Atomic fission was another unexpected invention. Imagine telling someone, even a scientist up to 1939, that you could unleash the energy stored in a ten thousand tons of coal by banging two pieces of special metal together.H.G. Wells did just that in his novel The World Set Free which was published in 1914. In fact, it inspired Leo Szilard "to seriously examine the science behind the creation of nuclear weapons. As a scientist, he was the first person to conceive of a device that, using a nuclear chain reaction as fuel, could be used as a bomb." He patented the concept of the chain reaction in 1934, two years after reading Wells' book
I think what makes an invention “expected” is if it has a good analogy to some commonplace activity or fantasy that we can visualize right now. Danny Hillis, the inventor of the hard-to-imagine parallel super-computer, first brought to my attention how important it was to be able to visualize – with a picture in our mind – a future innovation. Radar, black holes, atomic power, quantum computers all operated with invisible forces that make seeing them hard.I don't buy it. Parallel computing is a direct analog of pack behavior. Humans have always done this. A ready example was available to any worker or visitor to large offices - or even a phone company - that had many clerks or operators, each doing a portion of a larger task. Other examples abound.If true, this insight would point to a prediction: that the most unexpected inventions in the future will be based on forces that are still invisible now (quantum, atomic, radio), or wholly new forces that are invisible to the common person. On the other hand inventions that rely on functions we can visualize – like swallowing a pill – won’t surprise us. There’s almost nothing that a pill can do, including making us invisible, that would surprise us. Conversely, there is probably nothing that quantum computation will do that won’t perplex us.
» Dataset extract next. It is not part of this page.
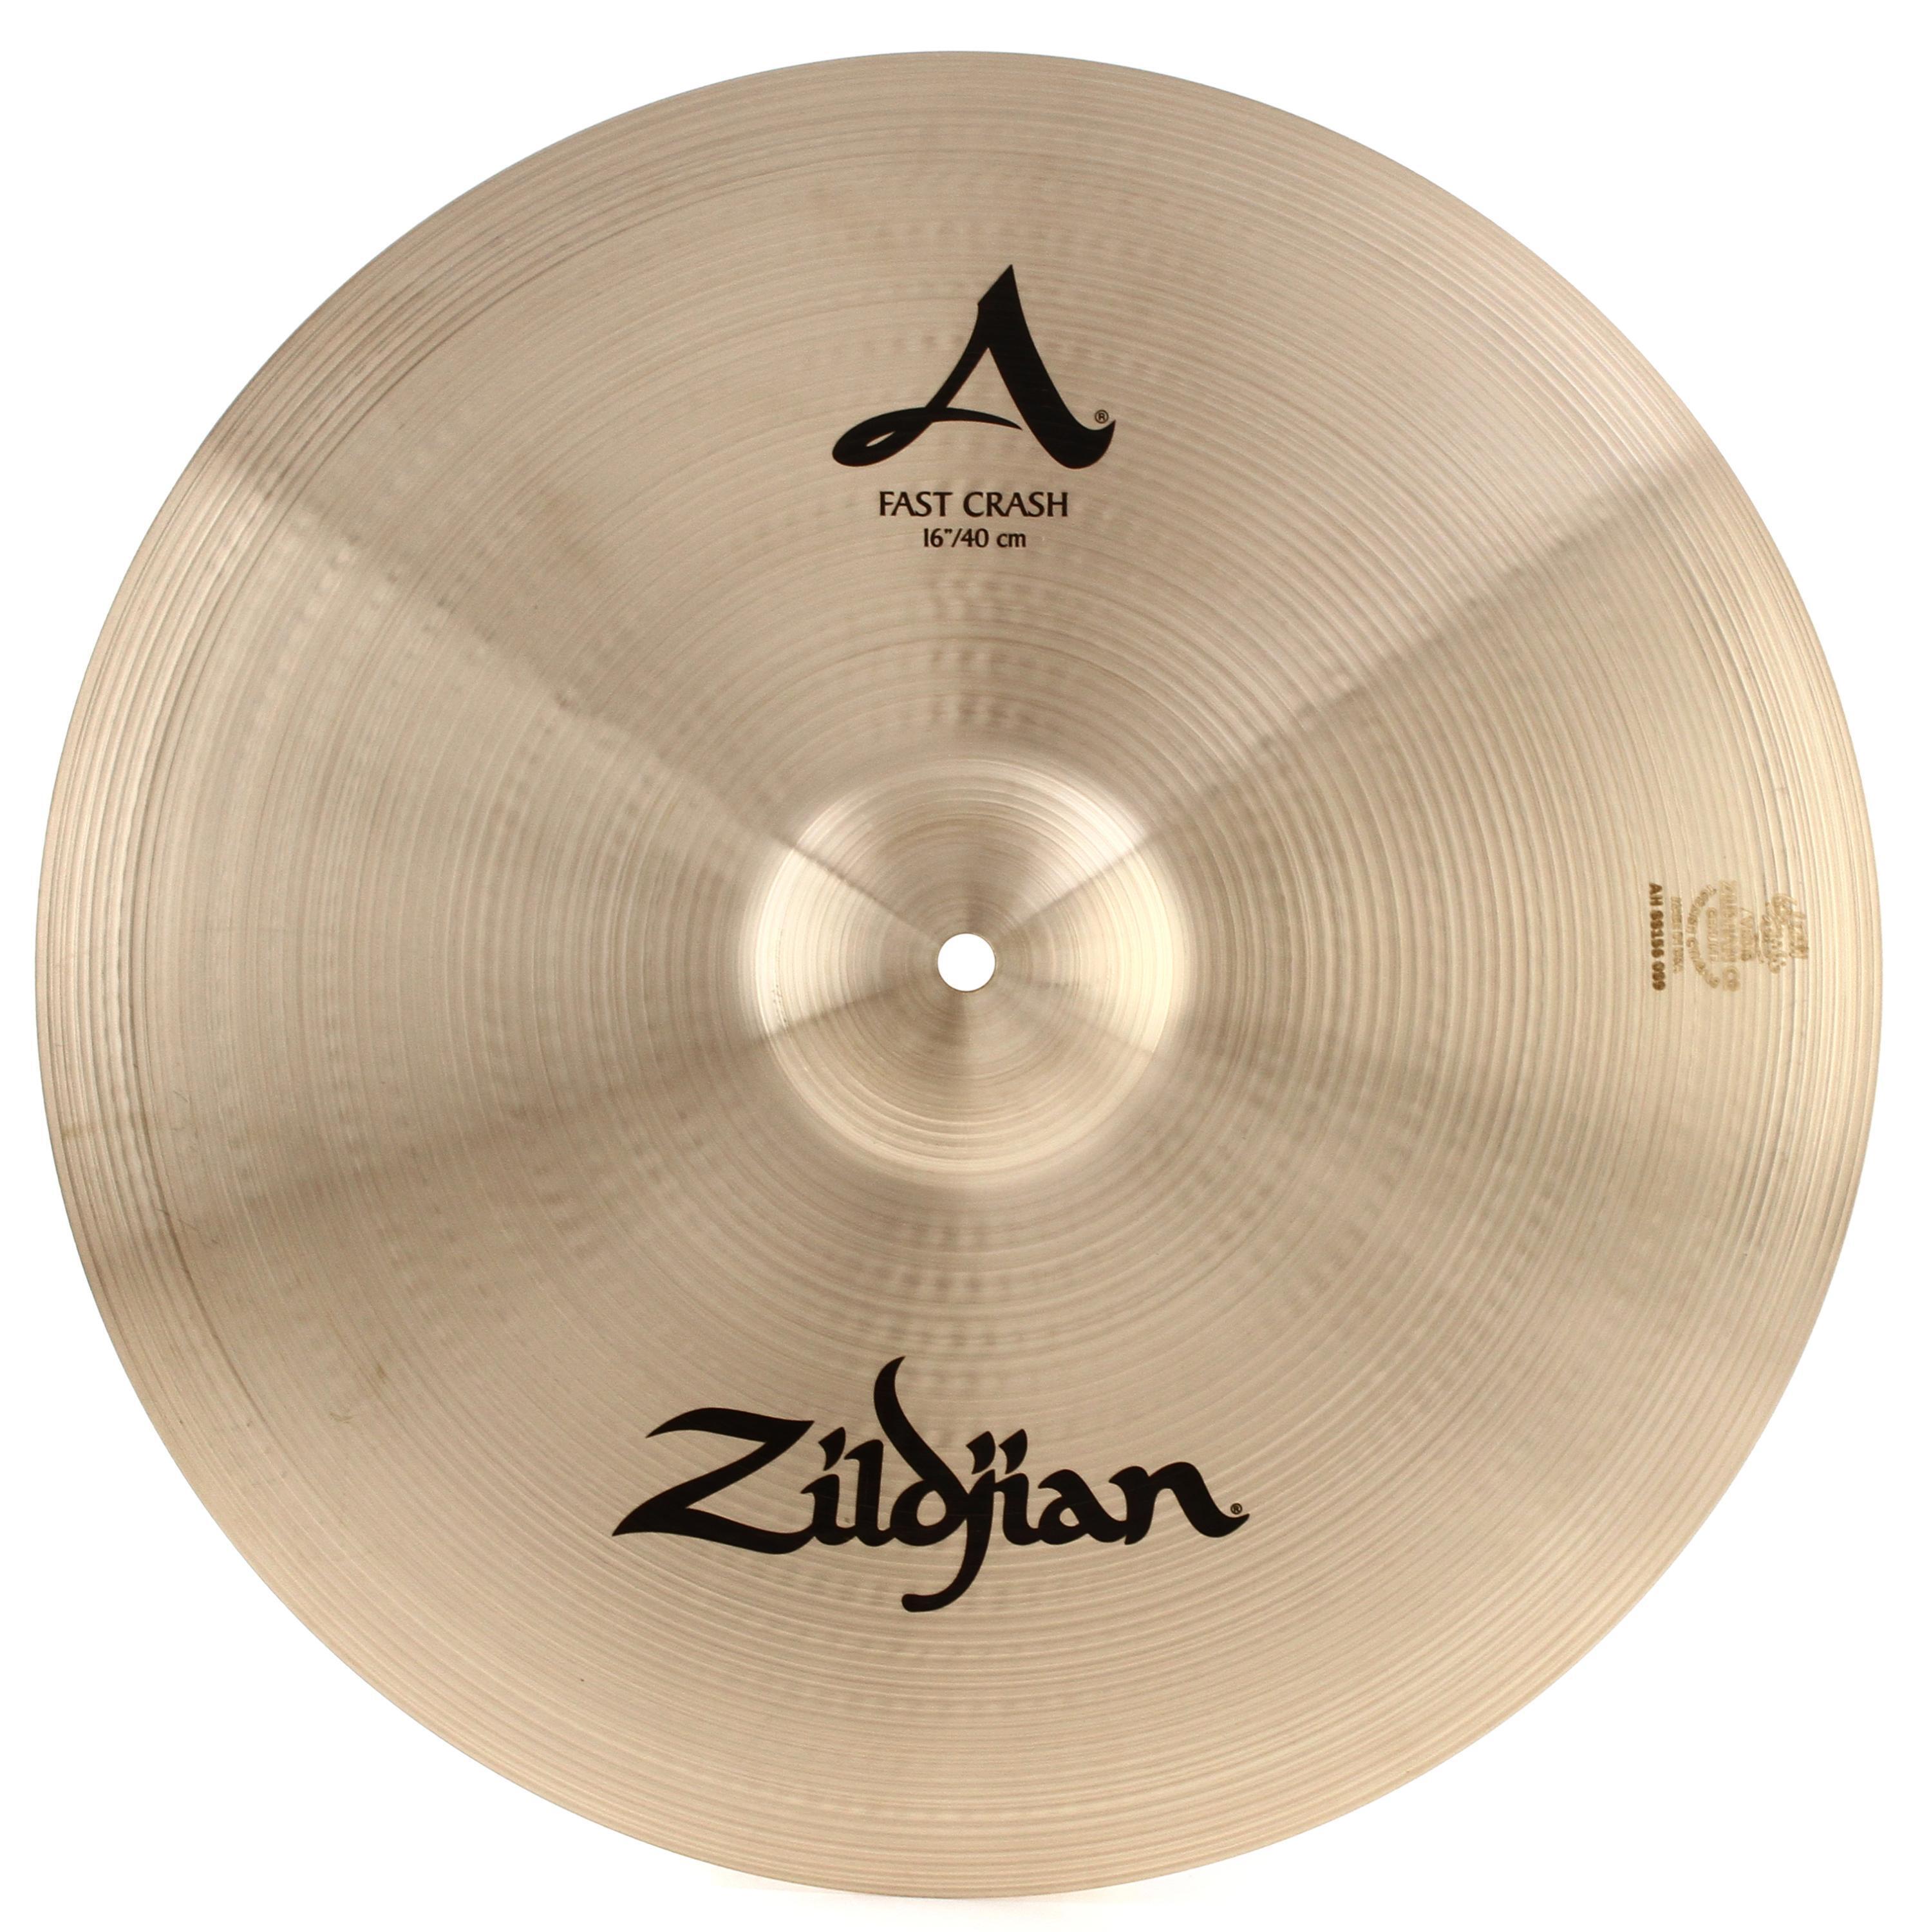 Zildjian 16 inch A Zildjian Fast Crash Cymbal | Sweetwater

I think Kelley speaks only for a certain type of rigid minded and uncreative person. They may well be in the majority - having had the free-thinking beat out of them as children - and so in that sense he may be correct about the expectations of main-stream humanity. But there are still many other less rigid humans, and as population grows their numbers increase even though their percentage of the whole remains the same or even decreases.
Maybe KK wasn't properly dosed when he wrote this, but it isn't clear if it was not enough or too much.